Tuesday, June 14, 2022

O Tempo da Obviedade

JULIÁN FUKS

O tempo da obviedade: já não cabe confusão diante da nossa realidade

11/06/2022 - UOL

Peço que hoje perdoem minha obviedade: ela não é minha, é da realidade circundante. Lembro de um tempo em que ecoava por toda parte uma mesma frase, corruptela de Millôr Fernandes: quem não está confuso, está mal informado. Foi há poucos anos, era o início da nossa debacle, o caos que nos levaria a uma situação muito mais clara, à evidência do desastre. Hoje o tempo parece se reger por alguma simplicidade; nunca foi tão fácil pensar o Brasil quanto agora, nunca tão cristalina a posição necessária a tomar. Proponho uma reformulação: quem está confuso, está mal intencionado, ou prefere fechar os olhos para o óbvio.

A simplicidade não goza de grande estima no saber contemporâneo, embora encontre sempre uma infinidade de usos cotidianos. Simplificar é empobrecer, é ignorar nuances, é falsear inevitavelmente a história. Simplificar é produzir caricaturas de baixa qualidade, desenhos primários que obscurecem o objeto retratado, que o afastam de sua verdade. Para Edgar Morin, célebre defensor do pensamento complexo, o que acontece é que tentamos nos livrar da desordem própria do mundo em nome de uma inteligibilidade, e para isso aderimos a certezas falsas, a uma forma de cegueira que vem da recusa à complexidade.

E, no entanto, o Brasil atual parece corresponder à risca ao seu retrato mais básico, e nenhum rosto é mais parecido com sua caricatura do que o de Jair Bolsonaro. Não é preciso convocar a complexidade para compreendê-lo: pelo contrário, a complexidade é que faria obscurecer seu caráter vil, sua monstruosidade. Bastante incompatível com o pensamento crítico é o maniqueísmo, e ainda assim hoje, apenas nestes anos, o maniqueísmo tem se revelado a leitura mais precisa do Brasil. Ante uma realidade dessas, acerta a linguagem infantil: temos no cargo máximo do país um homem mau. Em cada detalhe ele se mostra mau: é tosco, autoritário, insensível, cruel, cerca-se de sujeitos tão violentos quanto ele próprio, e faz da própria violência seu projeto de poder.

Por que uma minoria ruidosa ainda está disposta a apoiá-lo, eis a pergunta que não encontra resposta tão simples. Nem mesmo a lógica da preservação de privilégios históricos se aplica agora. Neste grau de destruição sistemática a que tem sido submetido o país, a cada dia todos perdemos, sem exceção, até quem lucra com a degradação — a diferença é que alguns ainda não o enxergam ou não o querem admitir. Muito já se disse sobre as relações inextricáveis entre o pessoal e o político: pois bem, o exercício tão nocivo da política tem sido uma afronta pessoal a cada indivíduo desta nação, mesmo àqueles que aceitam ser afrontados, aqueles que concordam com sua própria destruição. Num país acometido por este grau de aniquilação, sordidez, desfaçatez, abandono, sempre perderemos todos.

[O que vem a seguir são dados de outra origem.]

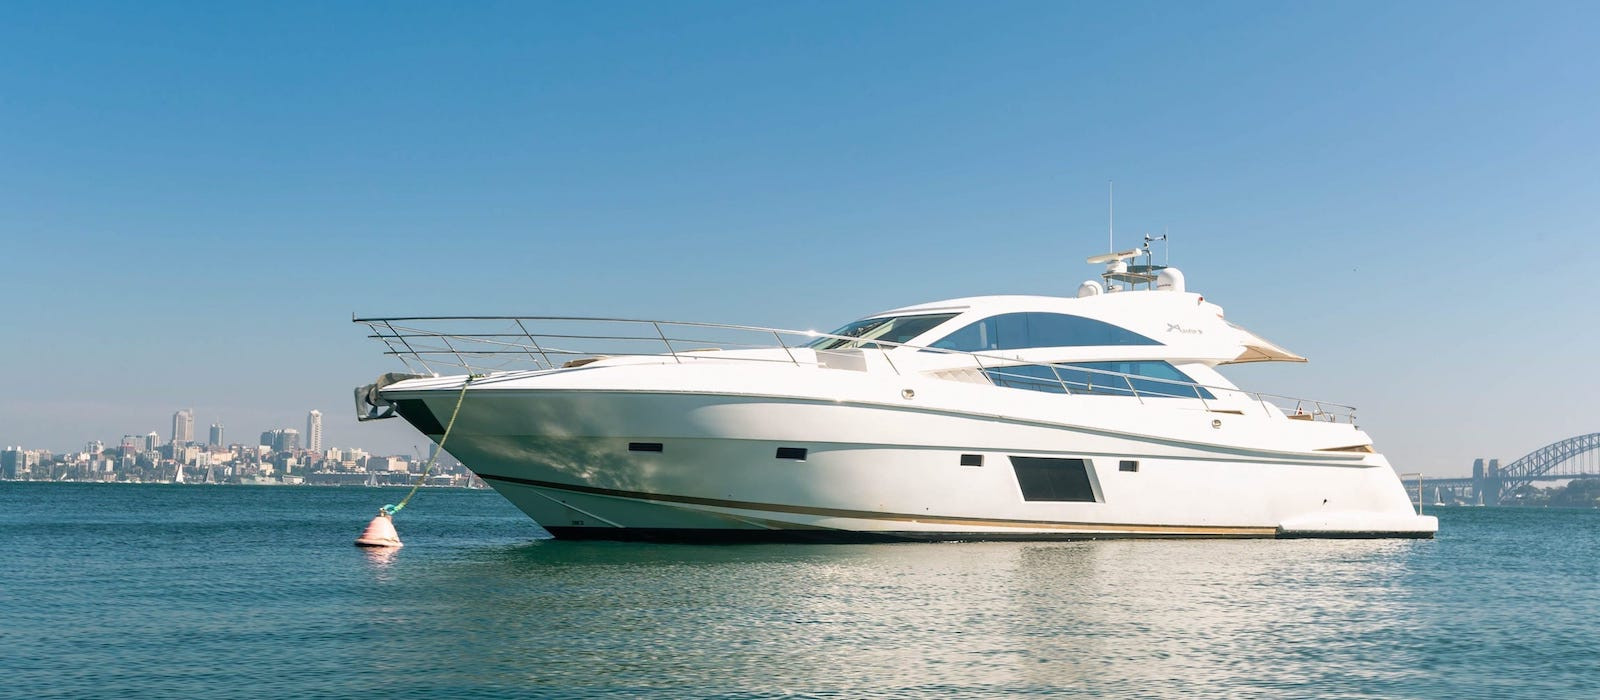 Profile image of Aquabay luxury boat hire

Por isso tantas opiniões se parecem, por isso você tem a sensação de já ter lido este texto uma centena de vezes. Não é a tal perseguição a um presidente que nunca angariou nenhuma simpatia da imprensa, como ele insiste em tom choroso, tantas vezes. É apenas o quase consenso alcançado por uma miríade de mentes pensantes, mentes que prefeririam explorar profundidades, minúcias, nuances, mas que acabam por se render à indigência do presente, tão simples e tão semelhante a si mesmo. Não há muito mais a dizer: a realidade é que é feita dessa penúria triste, dessa esqualidez de sentidos.

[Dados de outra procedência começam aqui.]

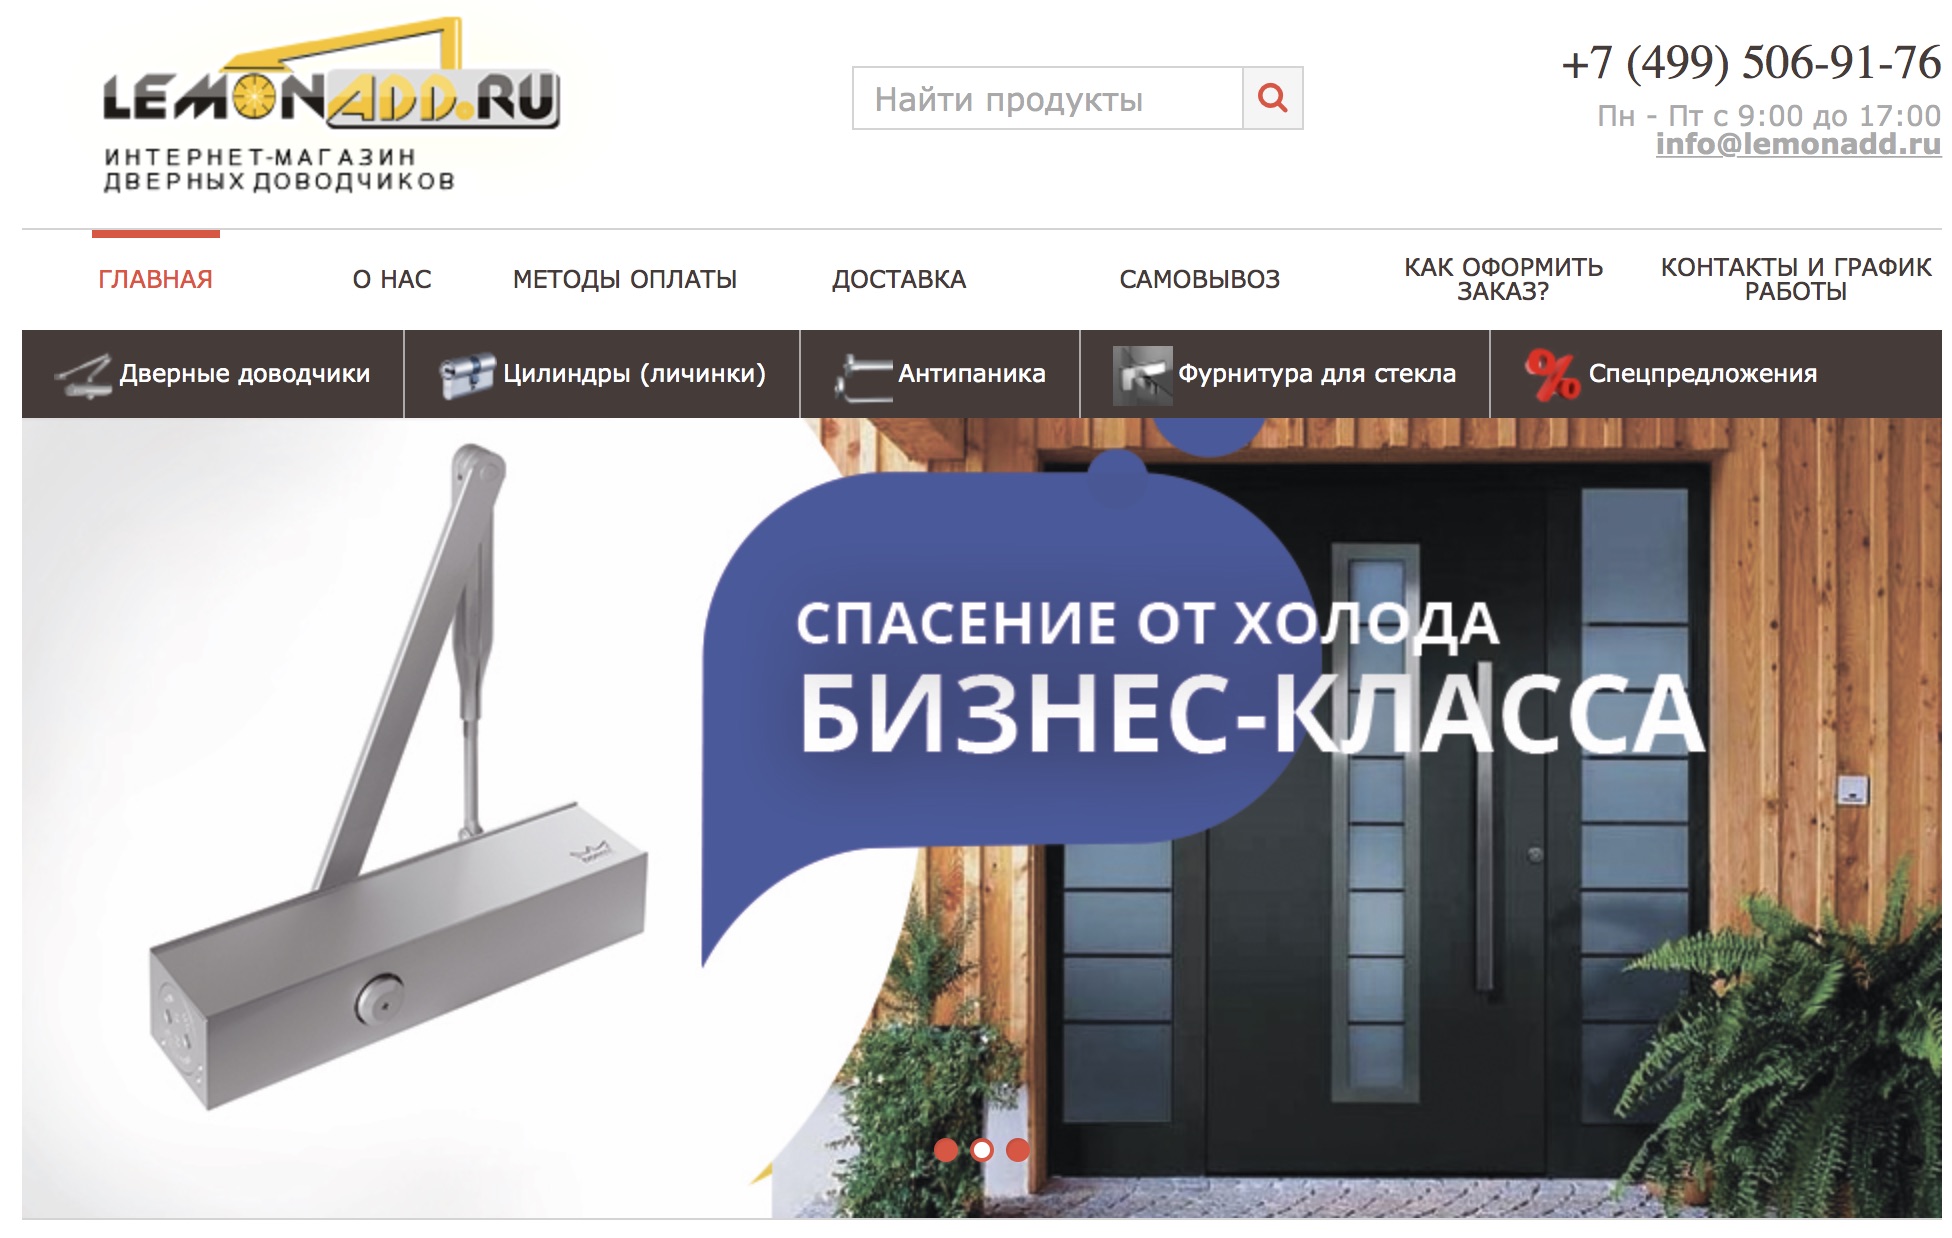 LemonAdd.ru — интернет-магазин дверных доводчиков

Tão famélico está o povo brasileiro quanto o nosso pensamento. Queremos algo de mais vivo e mais vasto a discutir, queremos de volta a ambiguidade, a multiplicidade de visões razoáveis, queremos de volta a possibilidade da incerteza, da sutileza. Anseio por um dia mais confuso do que este: quando ele enfim chegar, estaremos imersos numa realidade menos miserável. Anseio pelo dia em que retornaremos à complexidade, o dia em que não deverei pedir perdão e logo escrever uma obviedade, anseio muito, como anseio.